Dynamics and Optimal Control Methods for the COVID-19 Model

Reportedly, a new variant of a virus named coronavirus has been the focus of attention in Wuhan in December 2019. This virus has emerged globally, affecting many nations around the world. In this chapter, mathematical modeling and data analysis are used to comprehend the effect of COVID-19 on society. We represent a deterministic mathematical model of the COVID-19 pandemic as an infectious disease. The dynamics of the interaction between the compartments are formally described by five ODEs. We prove the existence and uniqueness of the solution to our problem by utilizing the fixed point theorem. The equilibrium points are determined. We infer that the model exhibits both disease-free and endemic steady states. We have exposed the stability of these equilibria at the local and global scales.

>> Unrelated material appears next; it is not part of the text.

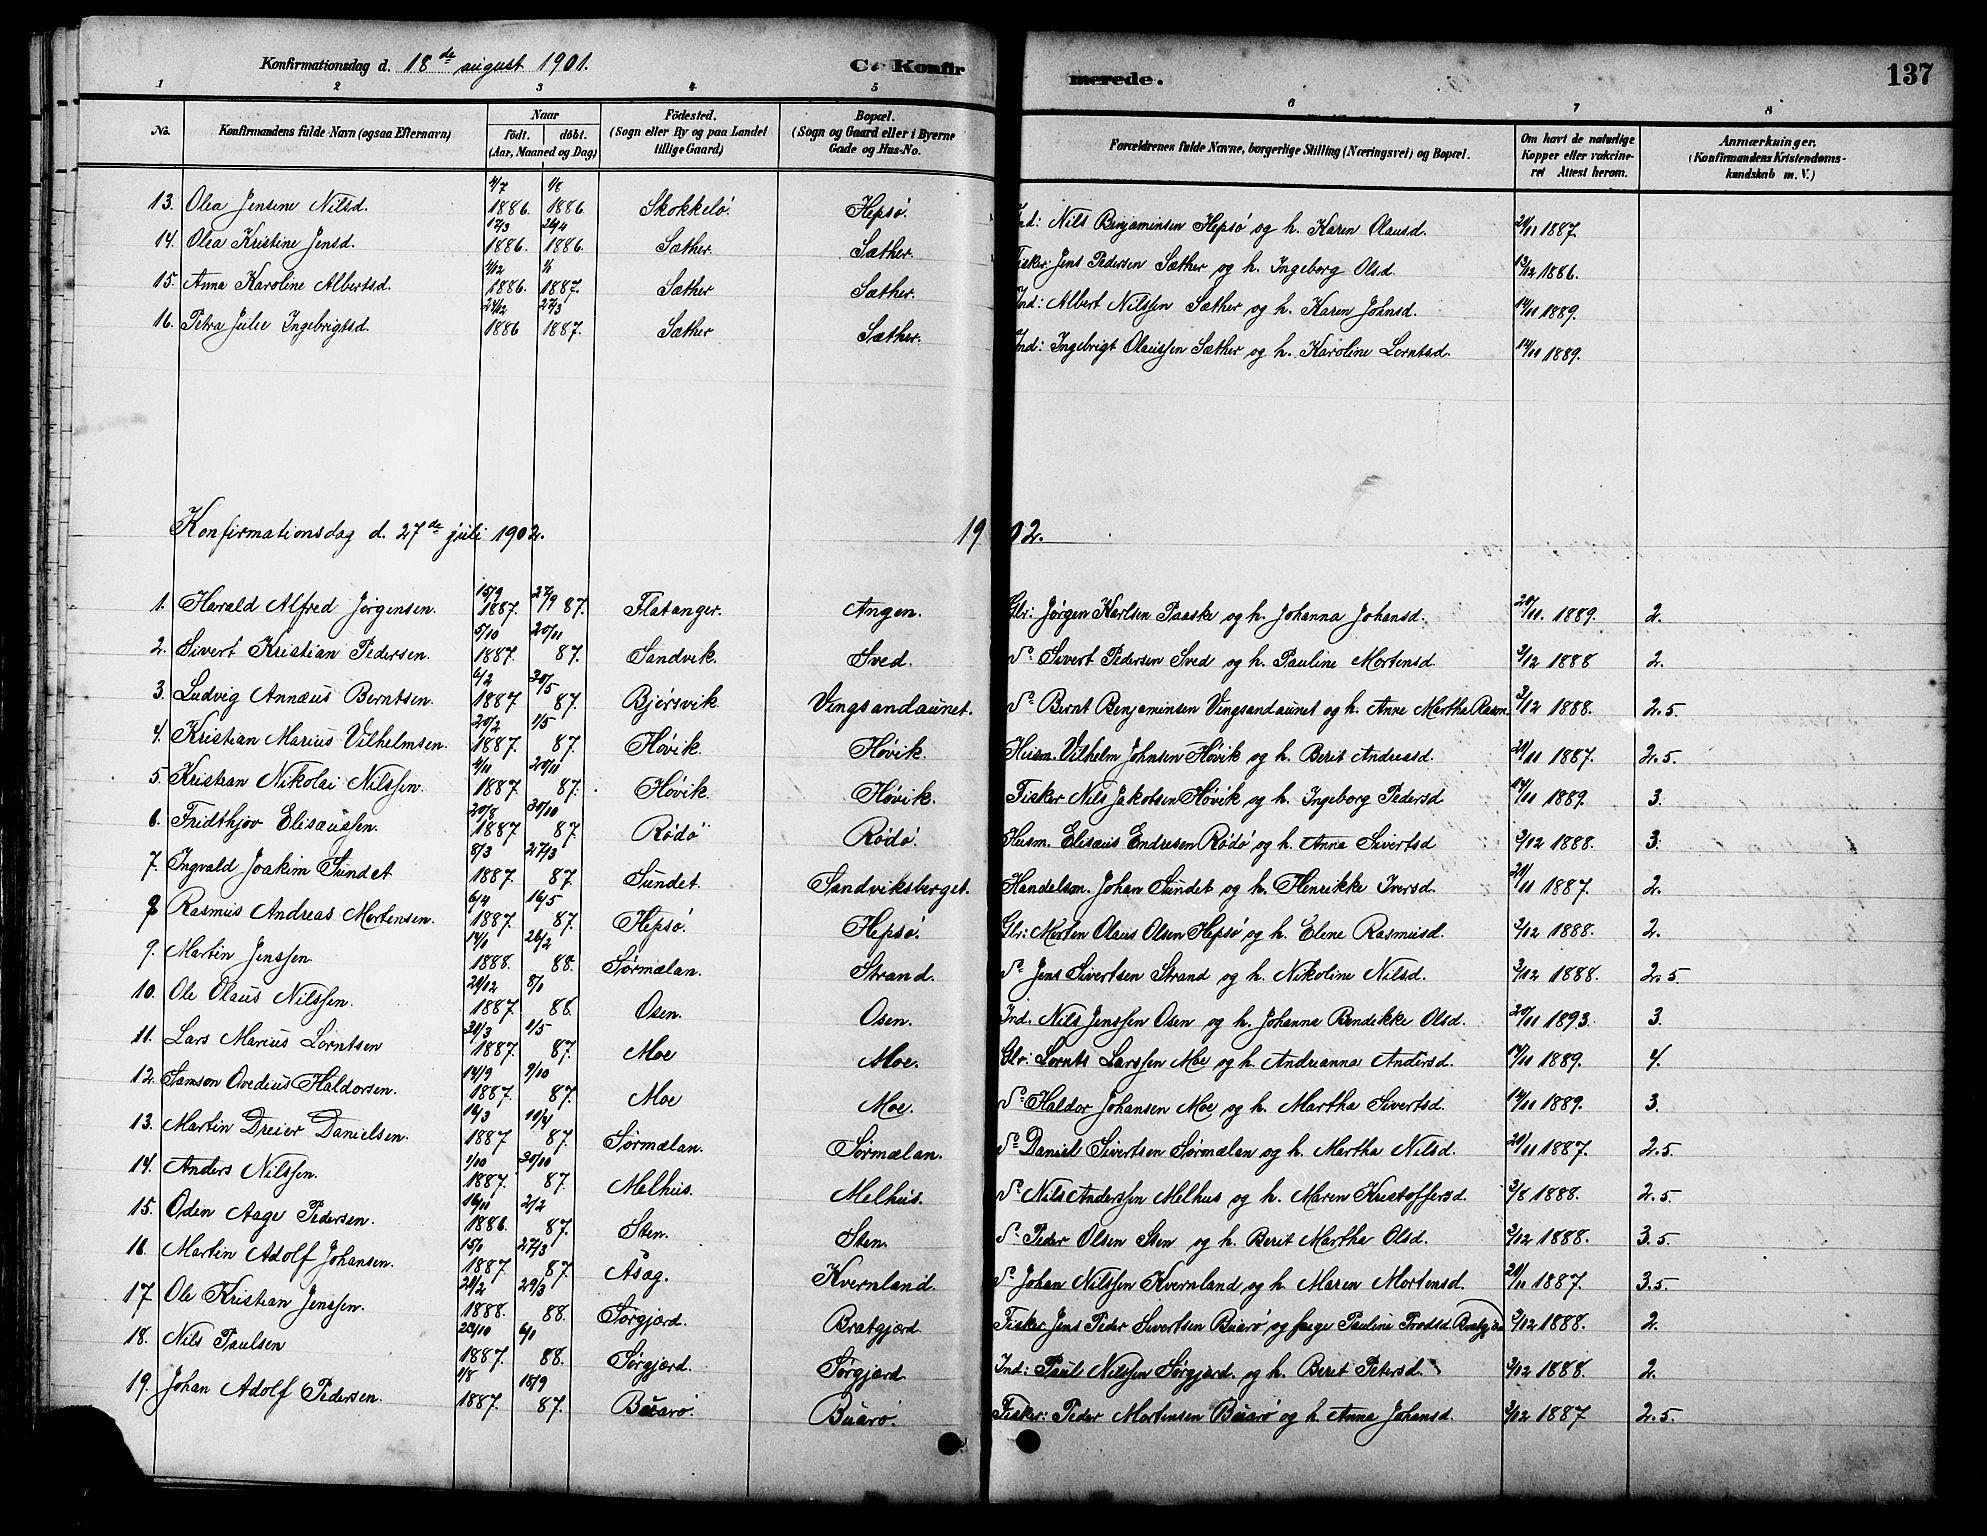 SAT, Ministerialprotokoller, klokkerbøker og fødselsregistre - Sør-Trøndelag, 658/L0726: Klokkerbok nr. 658C02, 1883-1908, s. 137

Also, the parameter’s sensitivity analysis is carried out, and as a consequence, our discussed model provides a good approximation of the actual COVID-19 data. A stay-at-home order, a travel ban, and solitary confinement are offered as realistic and suitable control techniques to prevent and stop the propagation of the COVID-19 virus hand in hand with the optimal control approach which is based on the model of the 2019 Coronavirus (COVID-19). The optimal controls have been described using Pontryagin’s maximal principle, and the optimality system has been established. Finally, using Matlab, the theoretical study is confirmed with certain digital simulations.